WORK ITEM:
Transcribe the listing verbatim. Do not carry over any pictures.

━━━ PROVIDED MATERIAL ━━━

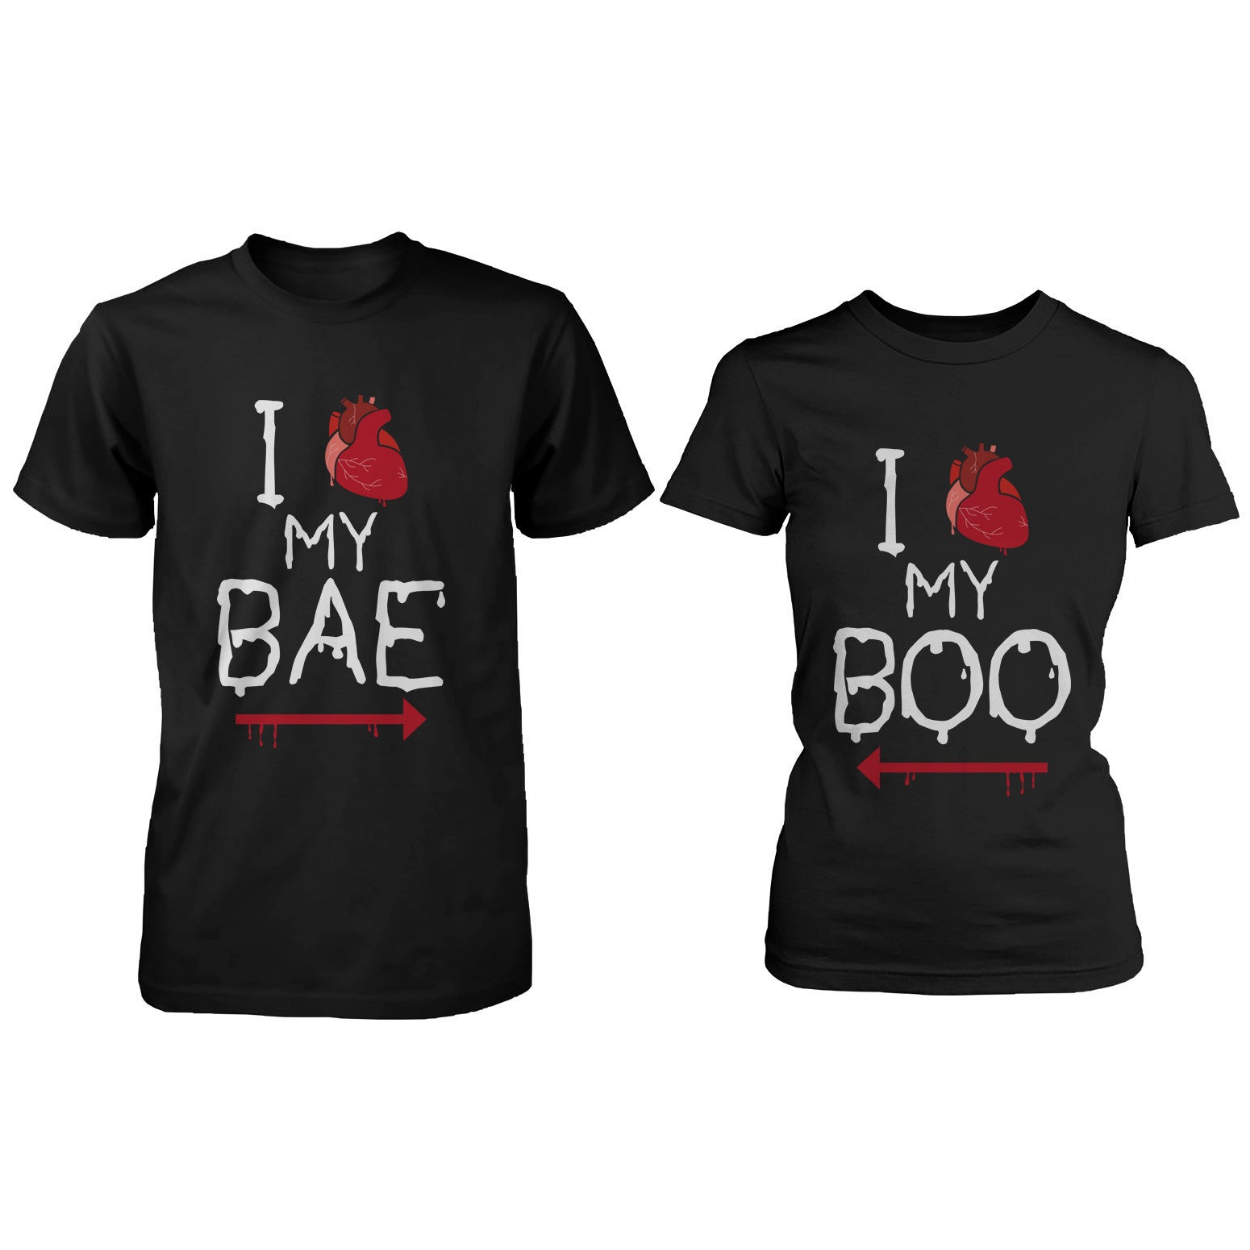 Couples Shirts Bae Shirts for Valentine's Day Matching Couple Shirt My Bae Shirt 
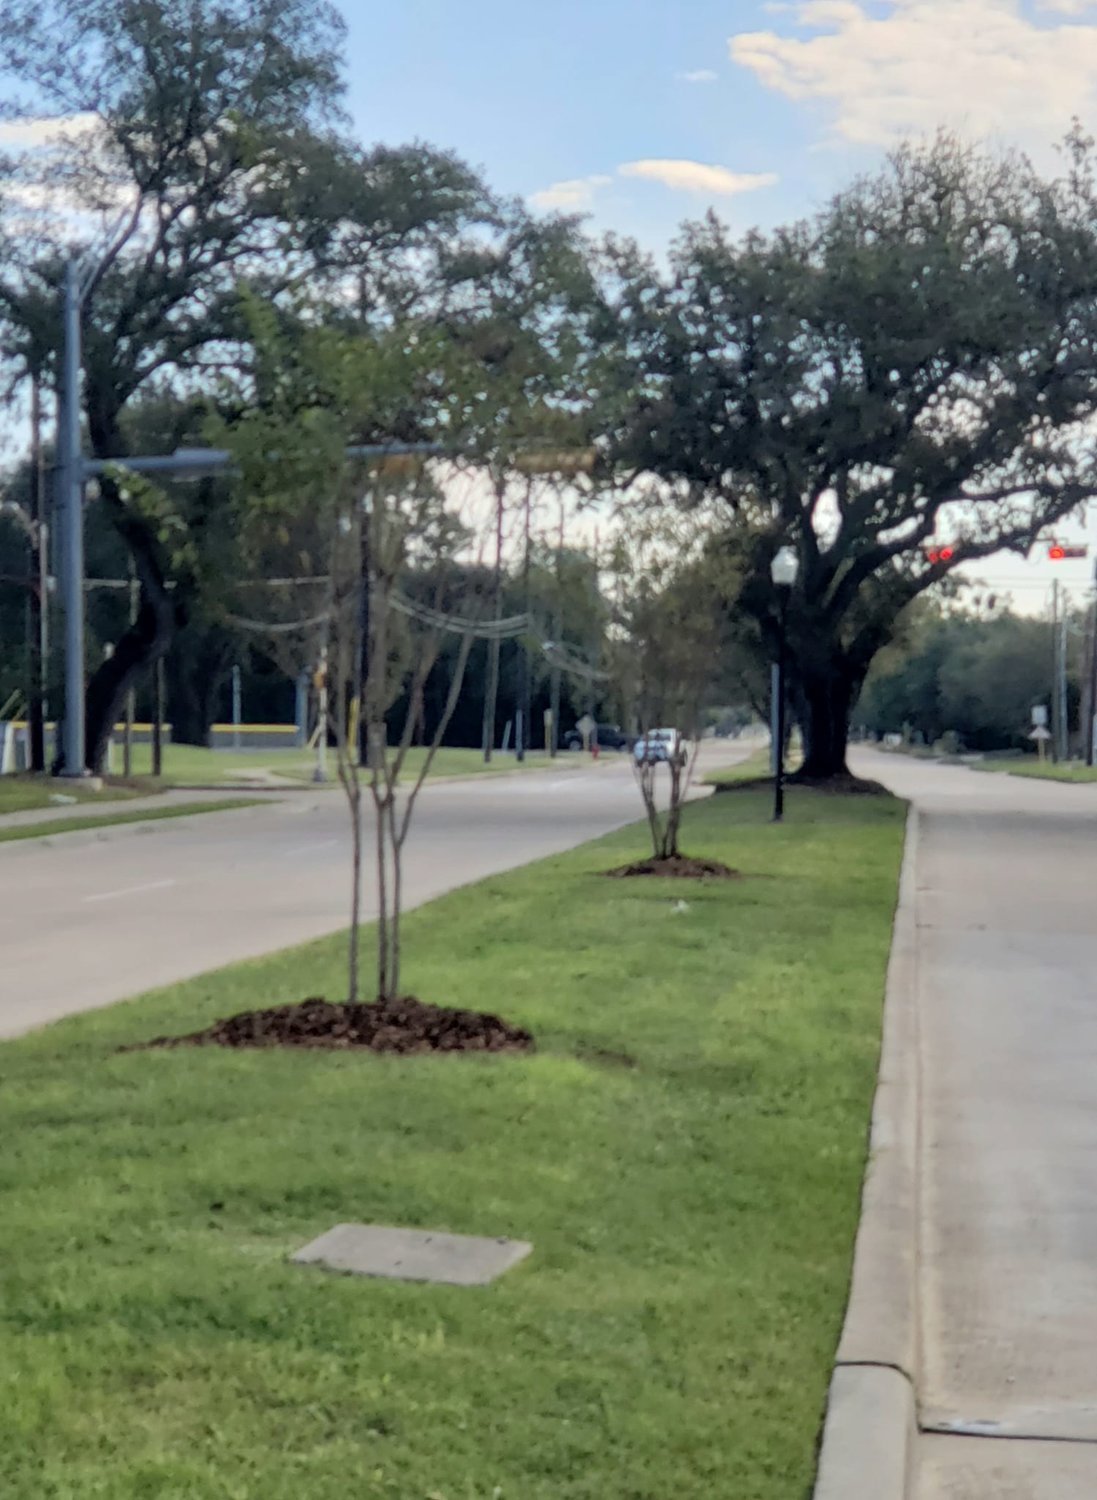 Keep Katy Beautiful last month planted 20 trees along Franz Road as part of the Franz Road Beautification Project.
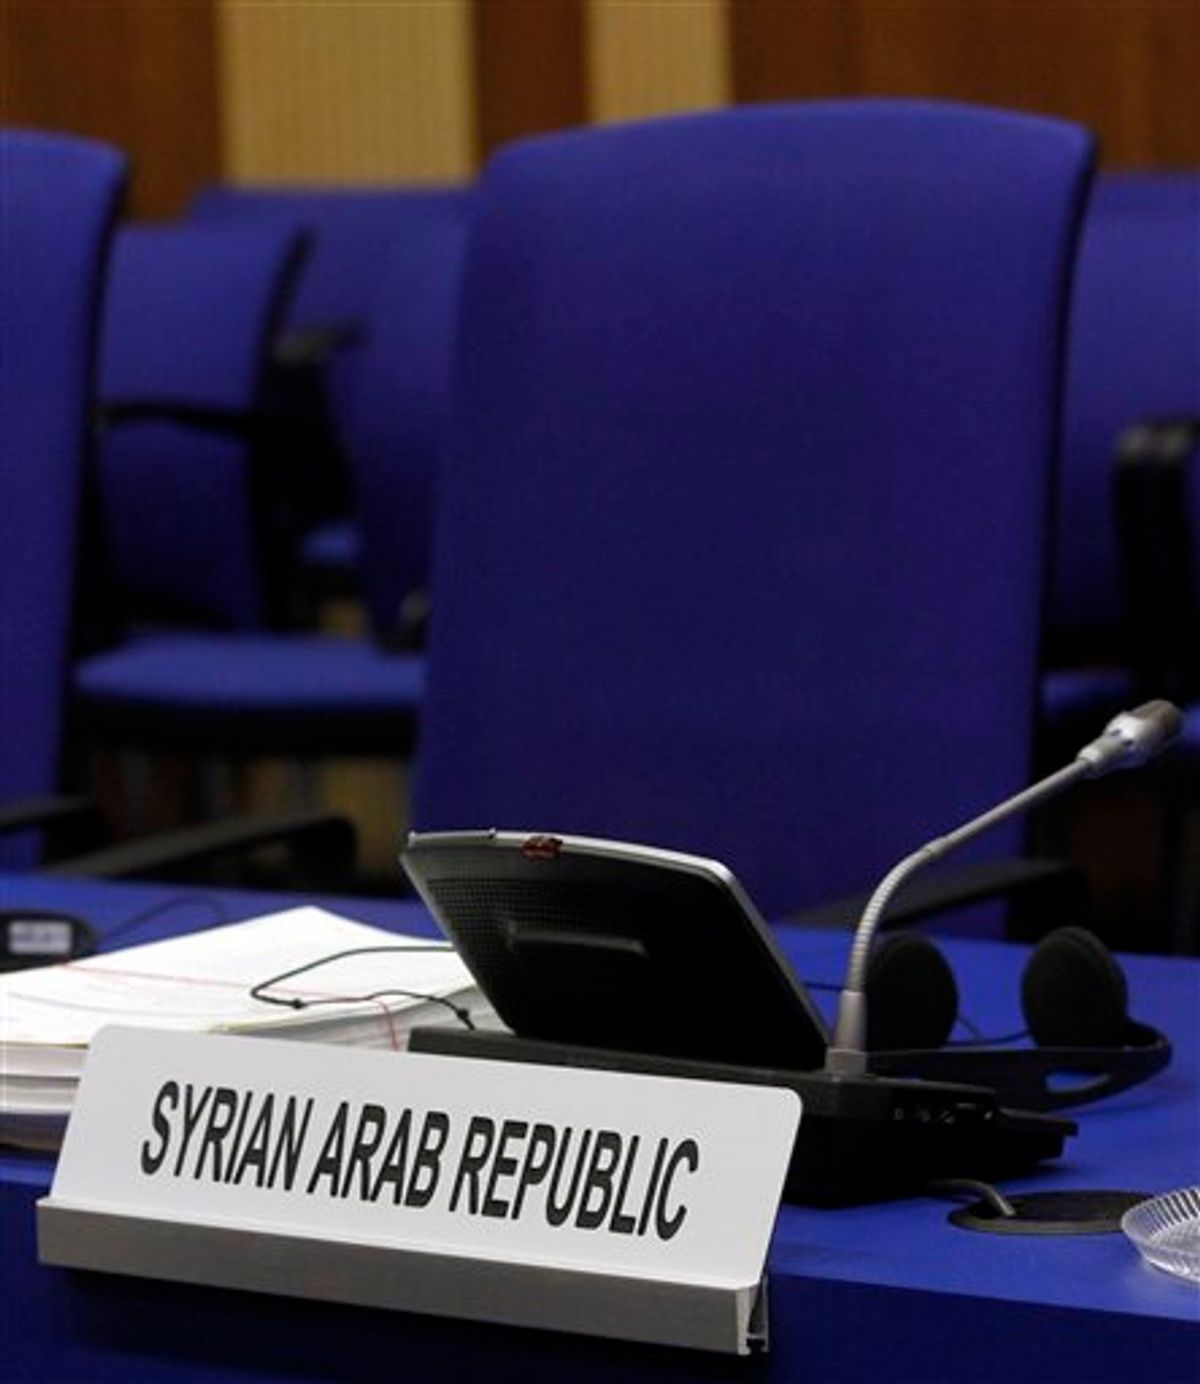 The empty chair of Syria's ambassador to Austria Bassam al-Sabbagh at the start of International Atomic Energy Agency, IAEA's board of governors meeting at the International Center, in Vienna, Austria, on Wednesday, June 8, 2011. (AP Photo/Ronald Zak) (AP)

━━━

RESULT:
 Couples Shirts Bae Shirts for Valentine's Day Matching Couple Shirt My Bae Shirt 
 Keep Katy Beautiful last month planted 20 trees along Franz Road as part of the Franz Road Beautification Project.
 The empty chair of Syria's ambassador to Austria Bassam al-Sabbagh at the start of International Atomic Energy Agency, IAEA's board of governors meeting at the International Center, in Vienna, Austria, on Wednesday, June 8, 2011. (AP Photo/Ronald Zak) (AP)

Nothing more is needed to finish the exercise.